12年前のあの日から、3月11日という日をどう過ごせばいいかわからなくなってしまった。本来ならなんら変哲もない、ただの春の日だったはずなのに。

もちろん毎年午後2時46分には黙祷している。それは今までもこれからも変わりない。ただ、その瞬間が近づくにつれて悲しみが押し寄せ、日に日に段々と胸が苦しくなる。

家も新しく建って温かい布団で眠れている。ガスも電気も水道も困ることなく使えている。マックにもコンビニにも行きたいタイミングで行ける。スマホの電波は途切れることはない。

それなのに、姿かたちの見えない・わからない「何か」が猛スピードで押し寄せては足元にまとわりつき、深淵へあっという間に引きずり込む。「早く終われ、過ぎ去ってくれ」と、延々念仏を唱えるように頭の中で呟き続け、気づけばへとへとになって呆然と立ち尽くす心身のみが残っている。そうやって毎年3月11日を積み重ねてきた。

いつ道を踏み外してもおかしくない中、今日まで生きてきた。

全てが壊れ失われた2011年3月11日から、傷だらけになりながらも必死に新しいものを積み上げ、今まで出会った人々のおかげで小さな芽が吹き、少しずつ育つように楽しい思い出も明るい思い出も徐々に増えてきた。そうやって長い時間をかけてやっと自分の中で整理がつき、おぼつかなくとも再びちゃんと立とうとしている中で今年も迎えようとしている3月11日。あらゆる楽しい思い出も幸せな時間も、その日が持つ意味と現実を前にするとなす術がなくただただ無力と化してしまう。
それは石巻にいても、塩竃にいても、東京にいても同じで、結局はどうすることもできなかった。

職場のデスクで黙祷する。塩竃の喫茶店で黙祷する。サイレンが鳴らない荒川の土手で黙祷する。どこにいても、誰と一緒にいても、一人では抱えきれない悲しみはどうすることもできない。それでも誰に相談したらいいのかもわからない。家族にすら打ち明けられない。それぞれにそれぞれの震災があるように、打ち明けることで私の震災を誰かに背負わせてしまうようで心苦しくなる。ゆえにより身動きが取れない。何も言えないまま、深い底へ静かに沈んでいく。沈んだ底で1秒でも早く水が引くのをひたすらにじっと待っている。

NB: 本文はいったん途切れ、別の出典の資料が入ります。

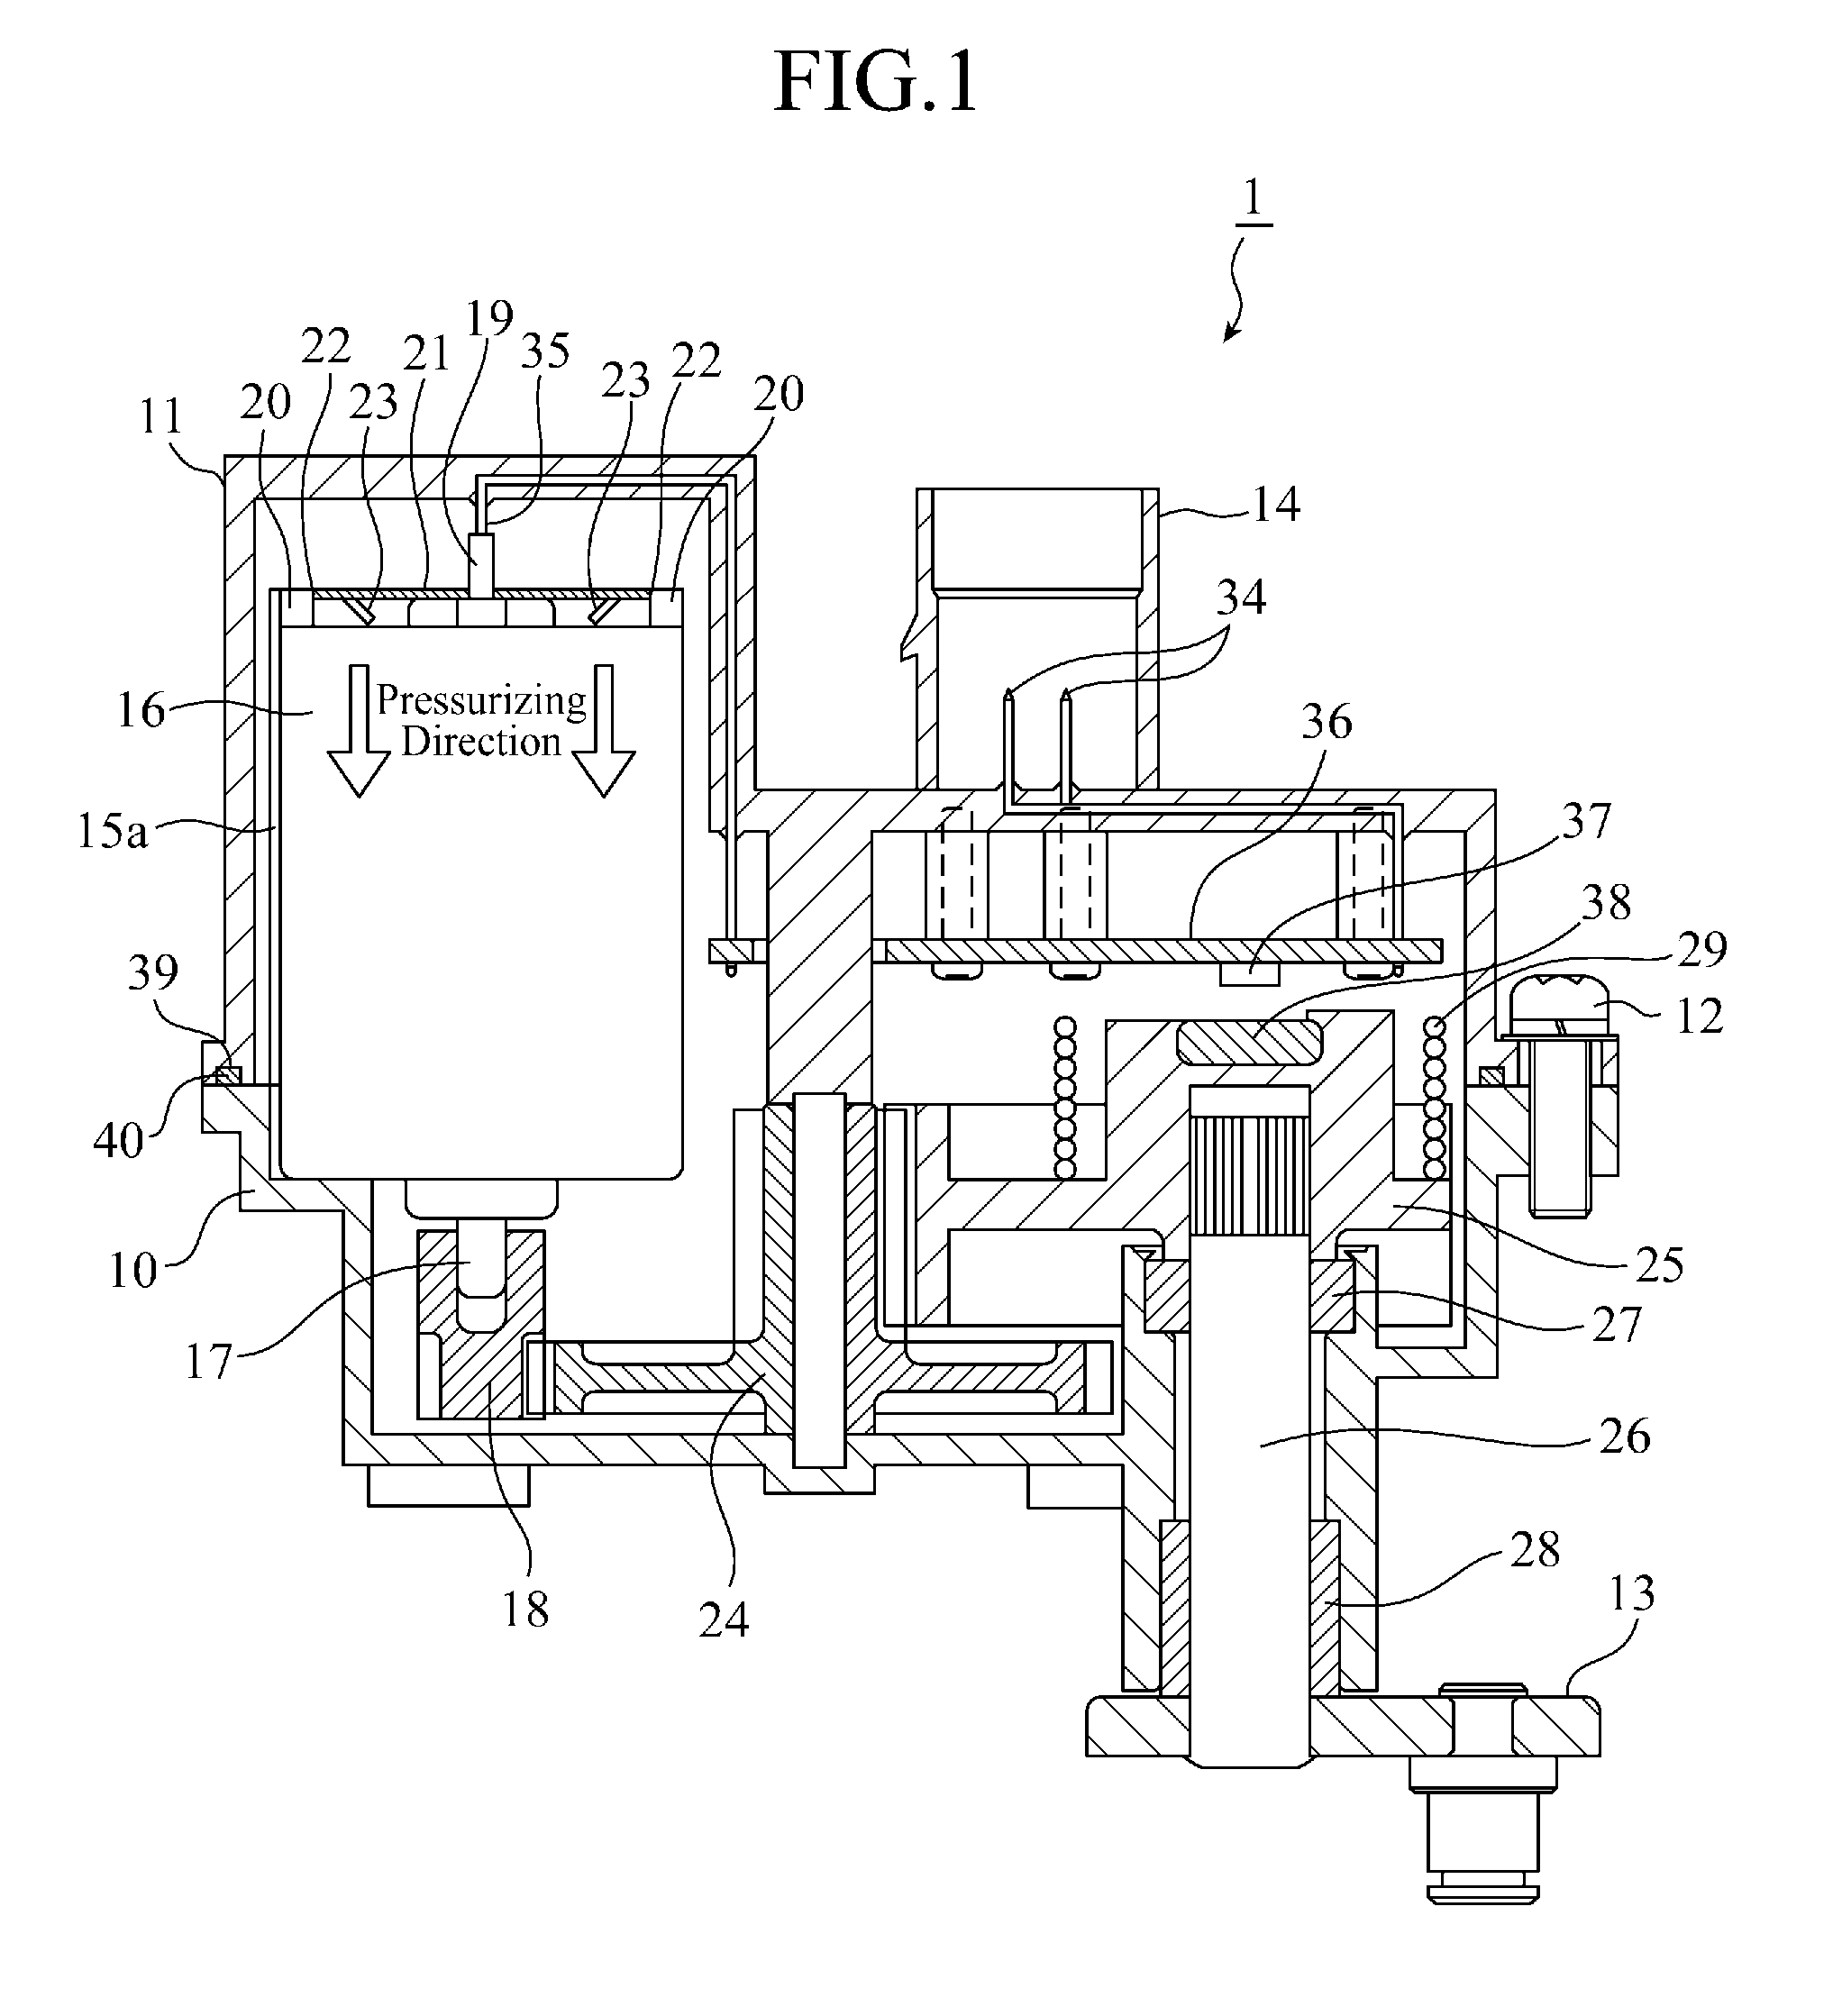 Electronically controlled actuator

震災は恐ろしい。何もかも奪っていった上に現在進行形で痛み続ける深い傷を残していった。どれだけ向き合おうと終わりがなくて果てしないし、もしかしたら死ぬまで続くのかもしれない。一過性のフラッシュバックなら極論、病院からの薬でなんとかなる。しかしすべてそうはいかないのも事実で、この苦しみから解放されるのに必要な量の薬を摂取したところで苦しみから解放されるどころか人生や命まで手放してしまうのが目に見えている。結果としてはいいのかもしれないが、多分それはベストでもないしそもそも本意ではない。最適な答えが見つからなくて、もだえながらただその時が過ぎるのを待つしかなかった。

3月11日だけ、透明人間になりたい。

時間が解決してくれるのなら、それがいつになるのかを知りたい。それが遠い未来なら、せめて気休めでも楽になる方法を知りたい。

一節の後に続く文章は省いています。